[v6,12/20] fs: add a new fstype flag to indicate how writeback errors are tracked
diff mbox

Message ID 20170612122316.13244-15-jlayton@redhat.com
State New
Headers show

Commit Message

Jeff Layton June 12, 2017, 12:23 p.m. UTC
Now that we have new infrastructure for handling writeback errors using
errseq_t, we need to convert the existing code to use it. We could
attempt to retrofit the old interfaces on top of the new, but there is
a conceptual disconnect here in the case of internal callers that
invoke filemap_fdatawait and the like.

When reporting writeback errors, we will always report errors that have
occurred since a particular point in time. With the old writeback error
reporting, the time we used was "since it was last tested/cleared" which
is entirely arbitrary and potentially racy. Now, we can report the
latest error that has occurred since an arbitrary point in time
(represented as a sampled errseq_t value).

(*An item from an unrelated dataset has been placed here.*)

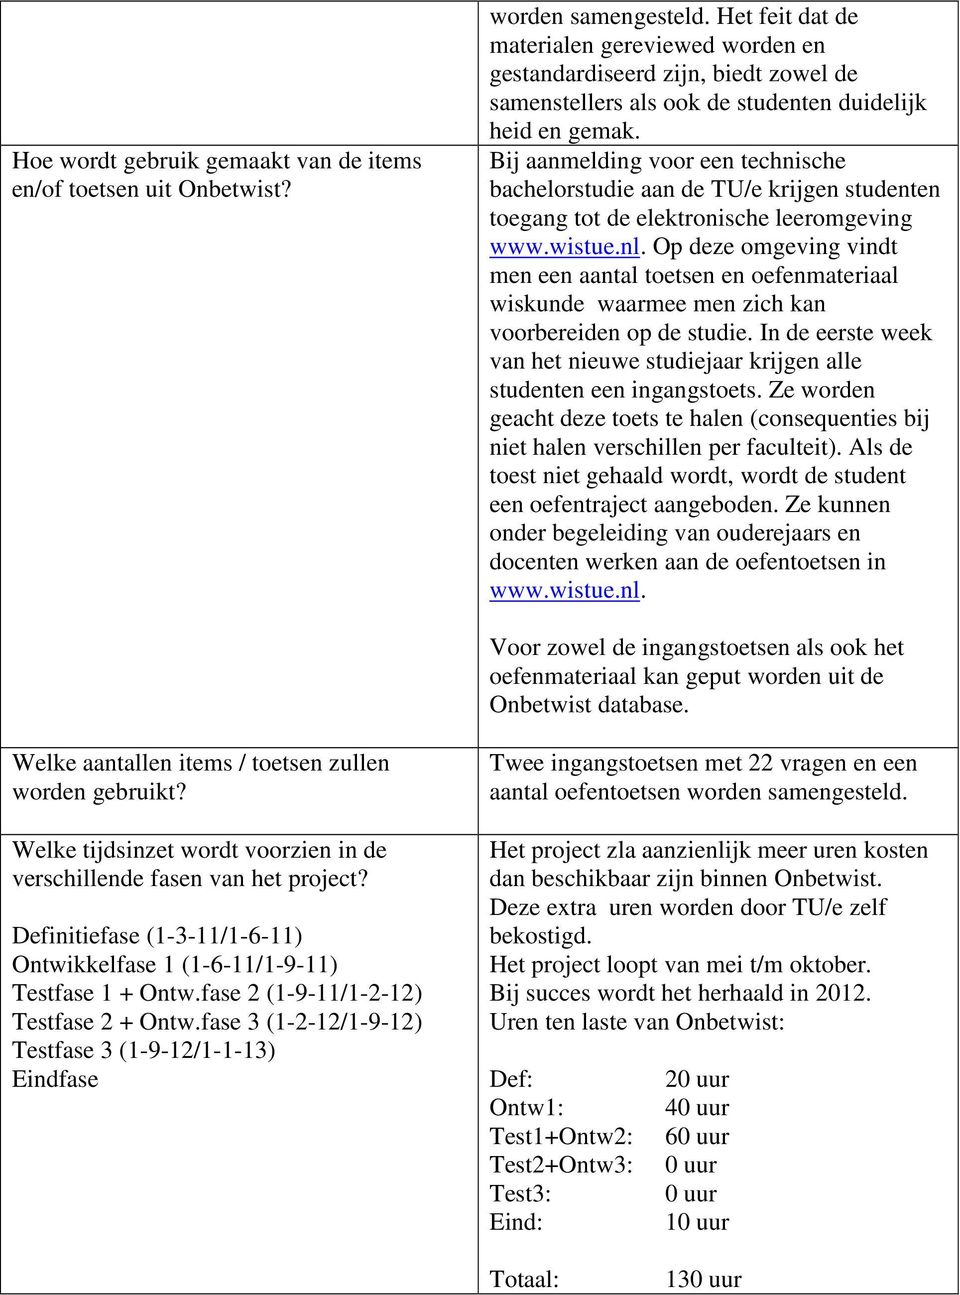 Bij aanmelding voor een technische bachelorstudie aan de TU/e krijgen studenten toegang tot de elektronische leeromgeving www.wistue.nl.

This means that we need to touch each filesystem that calls
filemap_check_errors in some fashion and ensure that we establish sane
"since" values for those callers. But...some code is shared between
filesystems and needs to be able to handle both error tracking schemes.

Add a new FS_WB_ERRSEQ flag to the fstype. Later patches will set and
key off of that to decide what behavior should be used.

Signed-off-by: Jeff Layton <jlayton@redhat.com>
---
 include/linux/fs.h | 1 +
 1 file changed, 1 insertion(+)

Comments

Christoph Hellwig June 12, 2017, 12:45 p.m. UTC | #1
On Mon, Jun 12, 2017 at 08:23:06AM -0400, Jeff Layton wrote:
> Add a new FS_WB_ERRSEQ flag to the fstype. Later patches will set and
> key off of that to decide what behavior should be used.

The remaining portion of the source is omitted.